Australian regtech threatened by equity hole

Despite increased demand for Regtech and Australia’s strong concentration of regtech development, subdued investment puts the Antipodean market at risk, finds The RegTech Association.

The Association’s research shows that 70% of the regtechs surveyed are bootstrapped by their founders, directors, or employees, 15% have received investment from Venture Capital, and only 9% of firms received Private Equity investment or grant funding.

Deborah Young, CEO, The RegTech Association says: “Despite having everything needed to be a global player in regtech, Australia’s piecemeal domestic investment is preventing Australian innovation from underpinning the global regtech transformation.”

Predicted to rise from US $25 billion in 2019 to US $127 billion by 2024, all signs point to significant growth in the global regtech space. Appetite for regtech services is exploding as companies look to purpose-built products and firms to help streamline regulatory compliance and protect themselves from money laundering and digital crime.

With rigorous regulatory standards, Australia has proven to be fertile ground for the development of world-class products, and early adopters of the technology have strengthened their compliance processes. Yet, with only minimal superannuation and corporate VC investment, Young argues that regtech is being starved of capital by the sectors who need it most.

When that investment does arrive, the process is almost cripplingly slow. 59% of the regtechs surveyed rated lengthy procurement cycles as the greatest adoption challenge, taking an average of 13 months to move projects from initial conversations to full deployment.

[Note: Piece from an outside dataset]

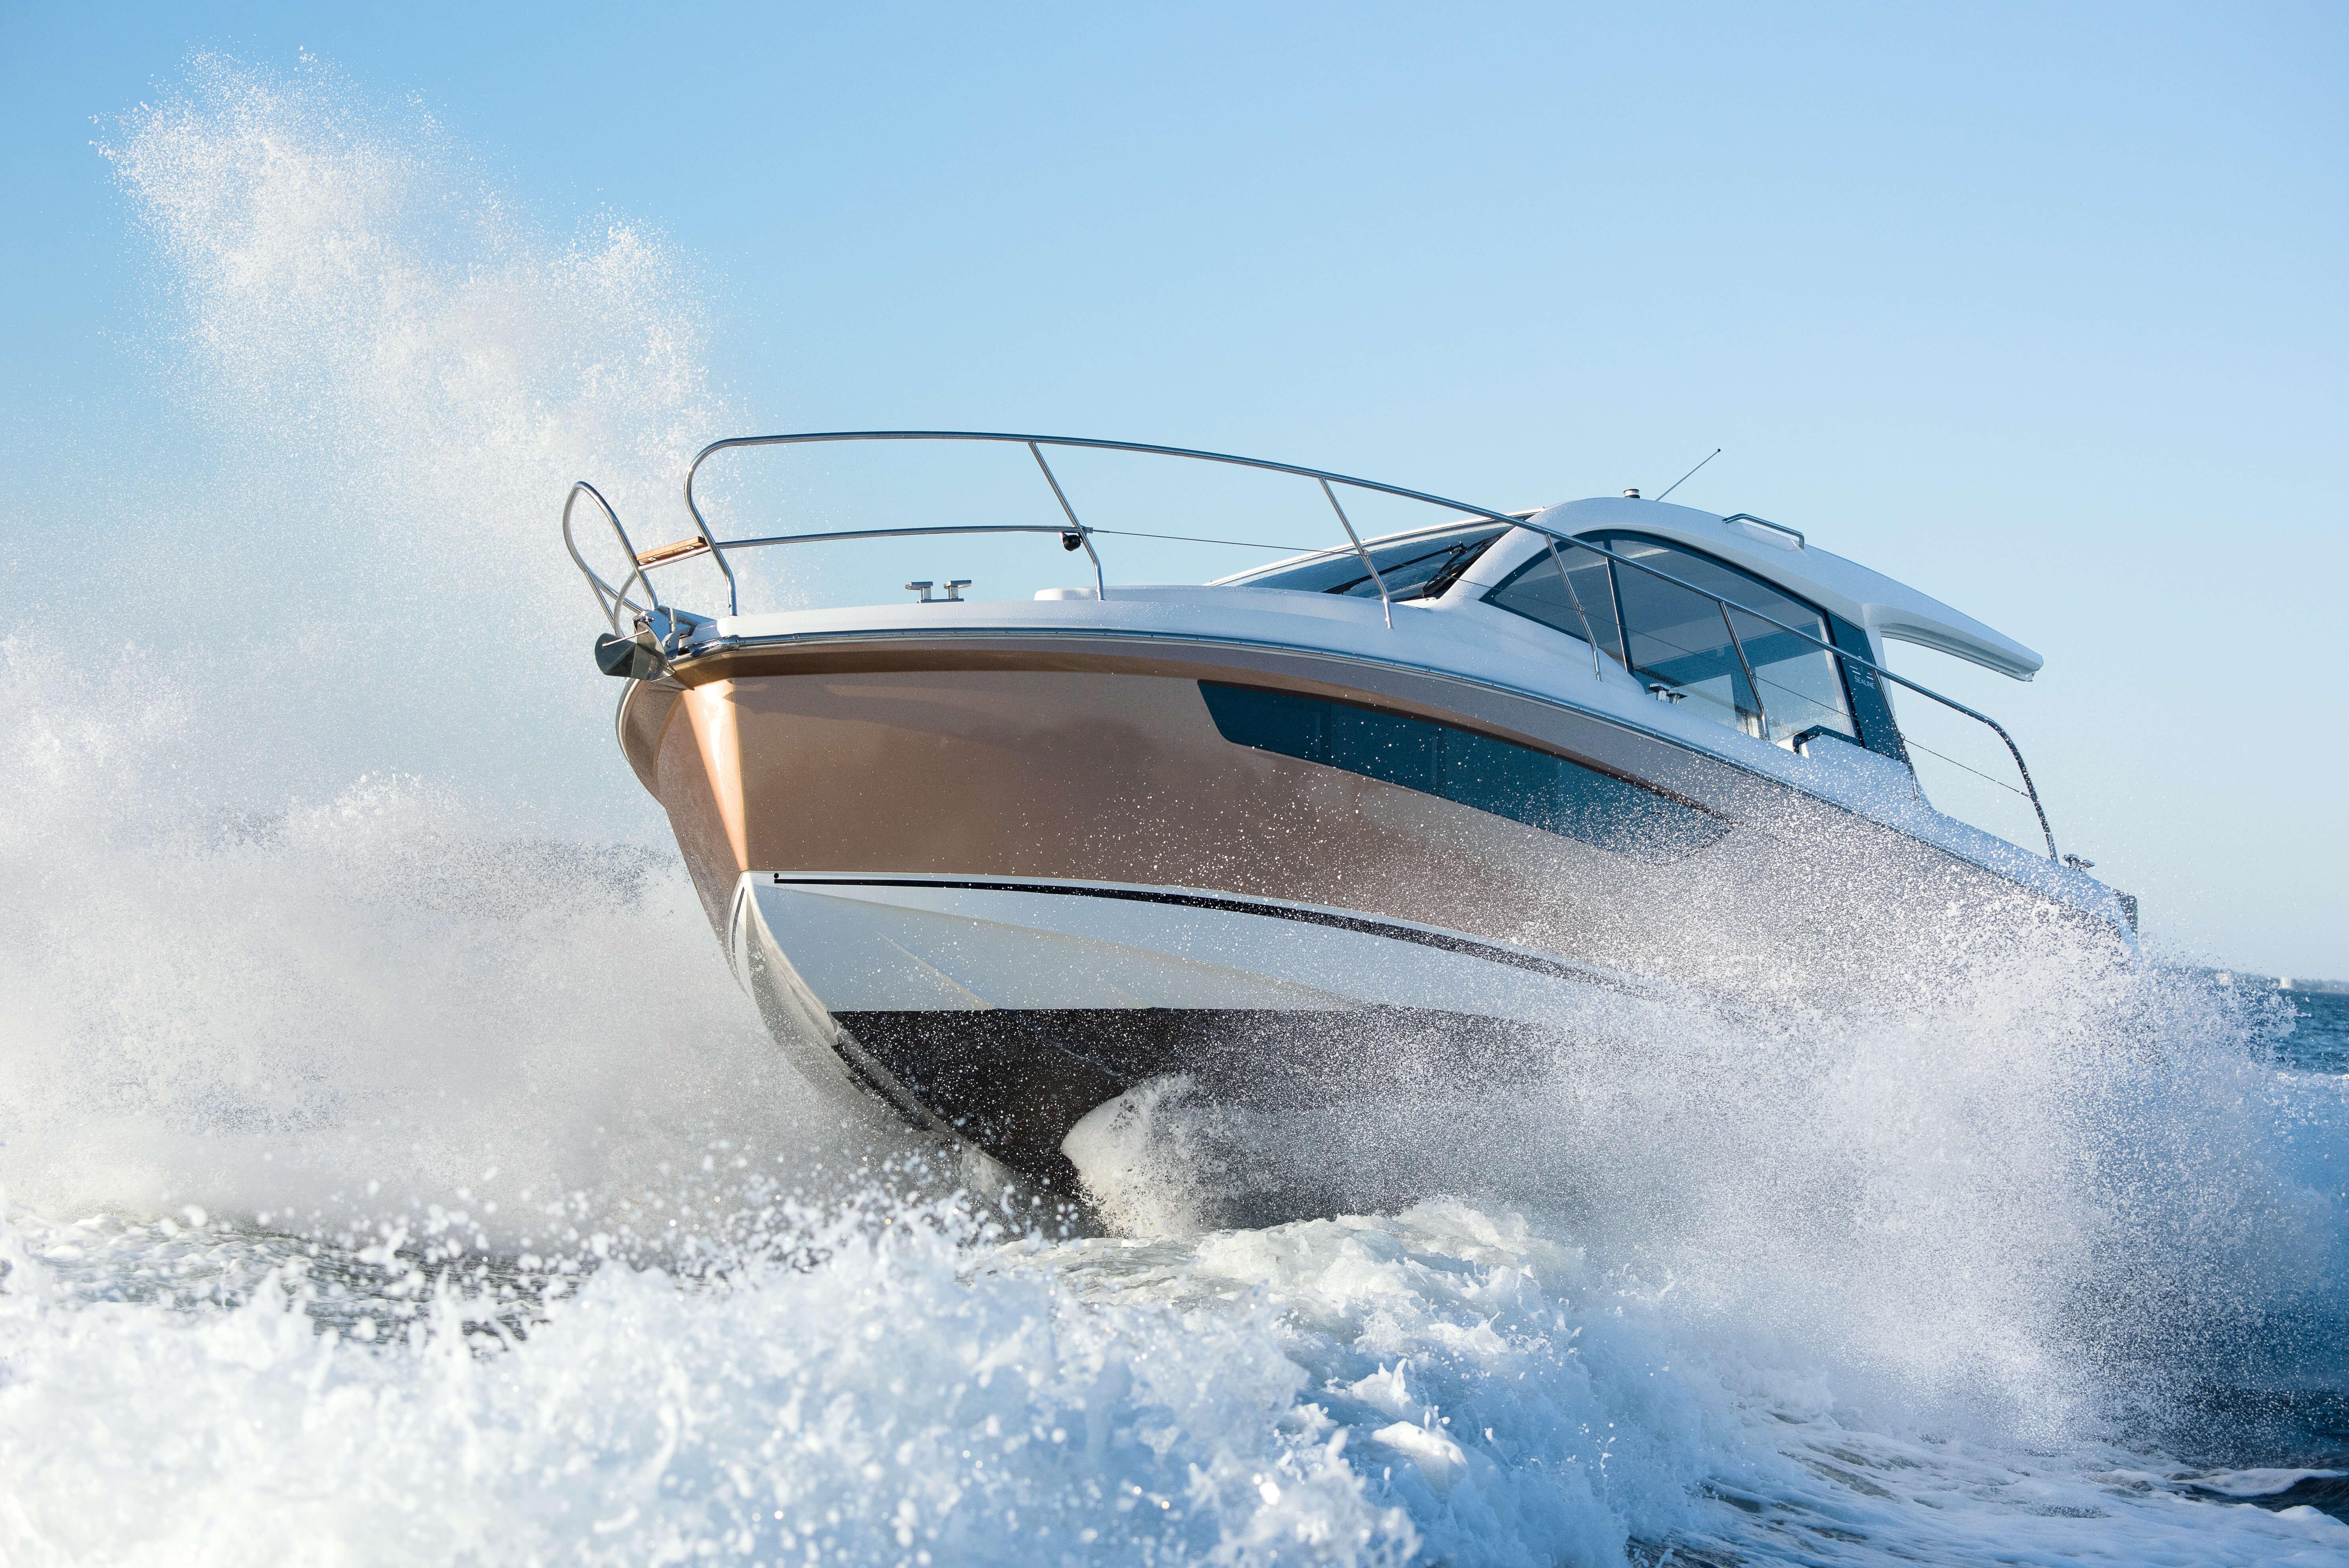 Sealine C330 Außenansicht | Die üppige Außenstruktur verspricht eine beschwingte Reise auf jeder Seemeile, die Sie zurücklegen. | Sealine

Young continues: “The Government has a key role to play as the ultimate orchestrator of RegTech - and to back the RegTech market through formal recognition of the potential economic benefits, in particular around exports, to encourage investment into the sector and continued expansion of regulatory innovation.”

The Australian Senate recognises the potential of regtech development in the country and has established a committee to inquire and report on the industry’s opportunities, barriers, and future trends by October 2020.

Barbara Sharp, CEO of regtech Pax Republic comments: “Australia punches above its weight in RegTech, but the impact of under investment of funding will be a classic “brain drain” to overseas markets.

“Any and all initiatives that reduce the time to value over the next 12 months will be key to ensuring that by 2022, Australian RegTech companies continue to lead and that growth happens in Australia, not overseas.”